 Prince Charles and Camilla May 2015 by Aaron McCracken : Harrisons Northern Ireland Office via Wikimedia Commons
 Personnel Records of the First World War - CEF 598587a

----

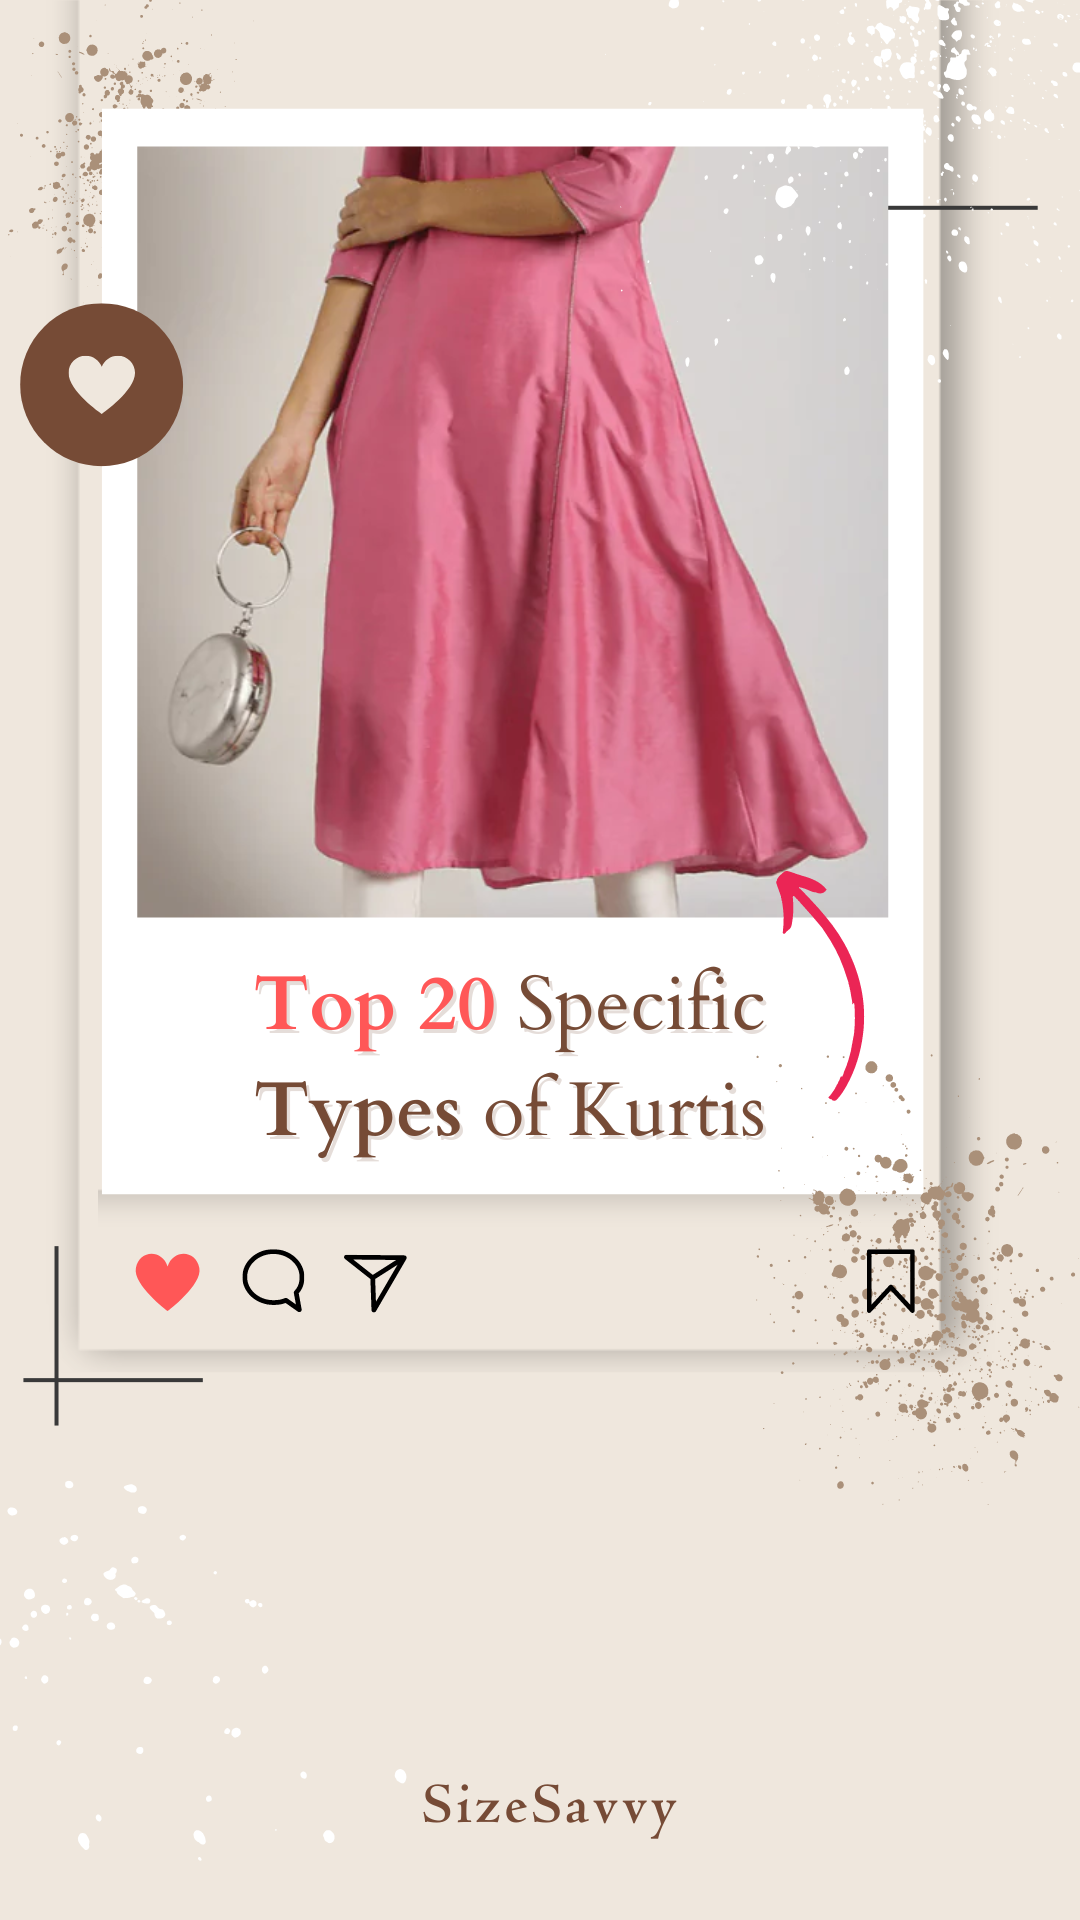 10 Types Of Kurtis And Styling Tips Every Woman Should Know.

----

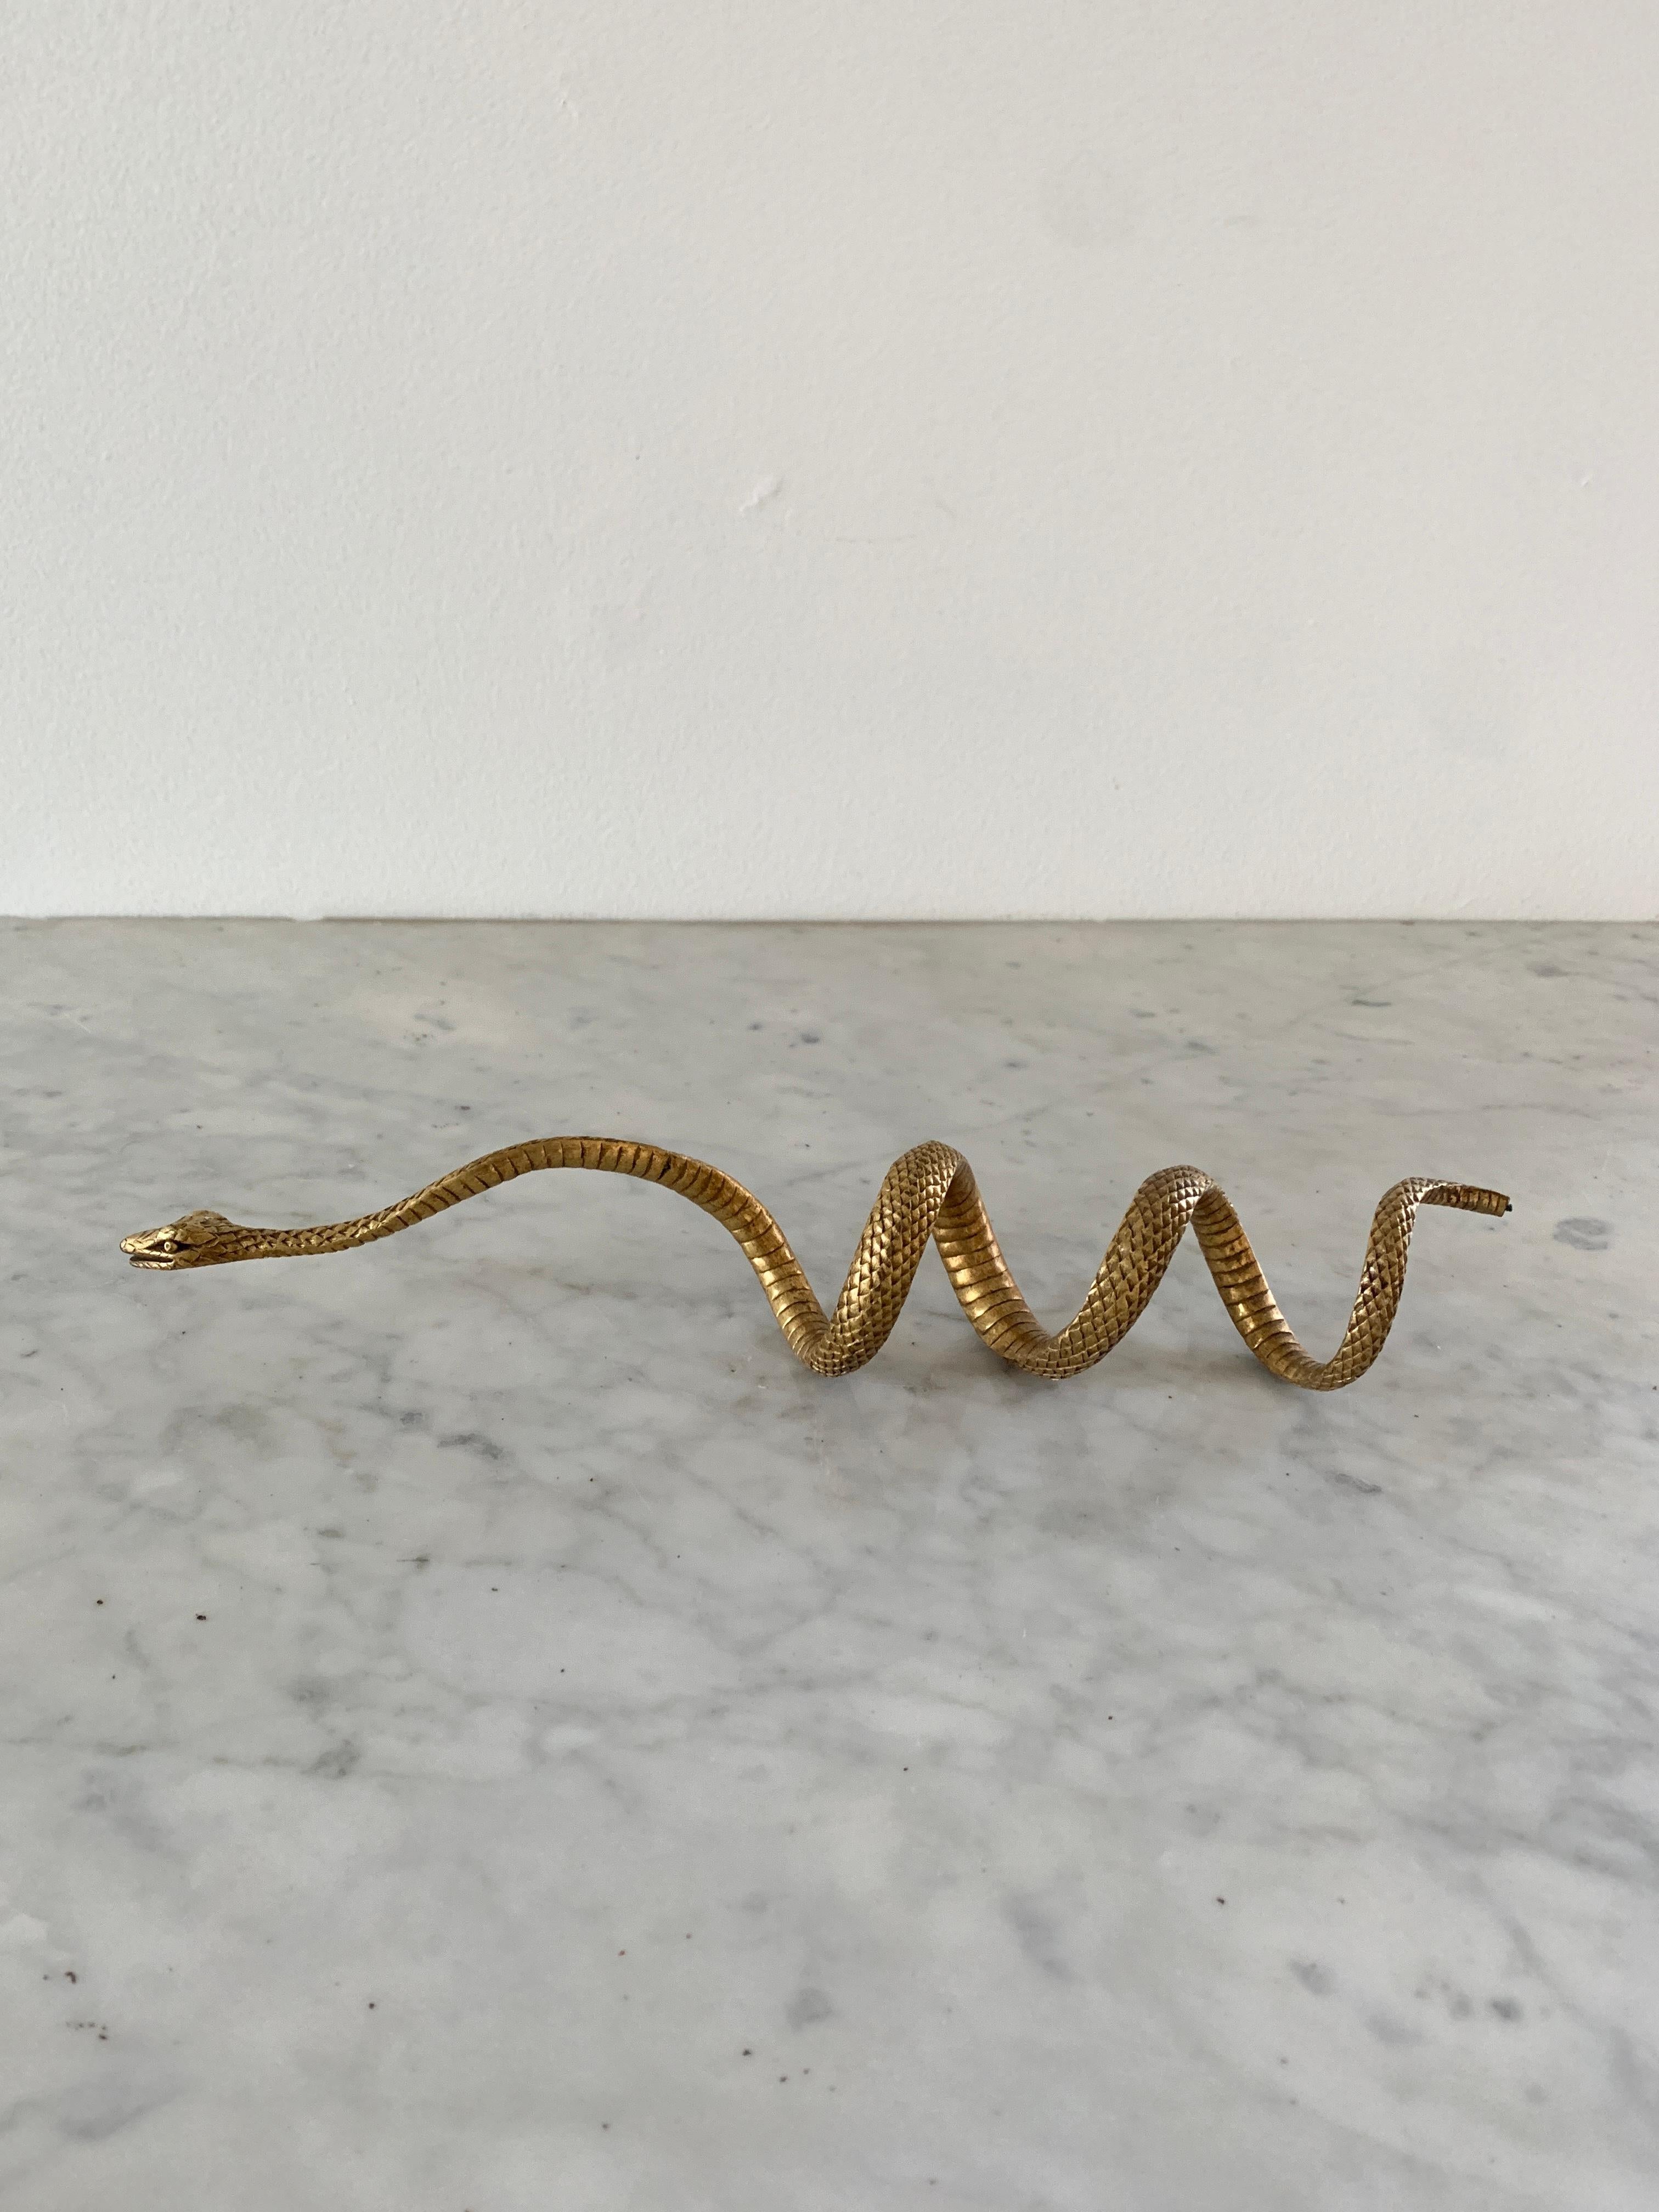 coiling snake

----

From the material above, set down exactly the lines starting at the one with "Prince Charles and" and ending at the one with "Personnel Records of", end lines included.

 Prince Charles and Camilla May 2015 by Aaron McCracken : Harrisons Northern Ireland Office via Wikimedia Commons
 Personnel Records of the First World War - CEF 598587a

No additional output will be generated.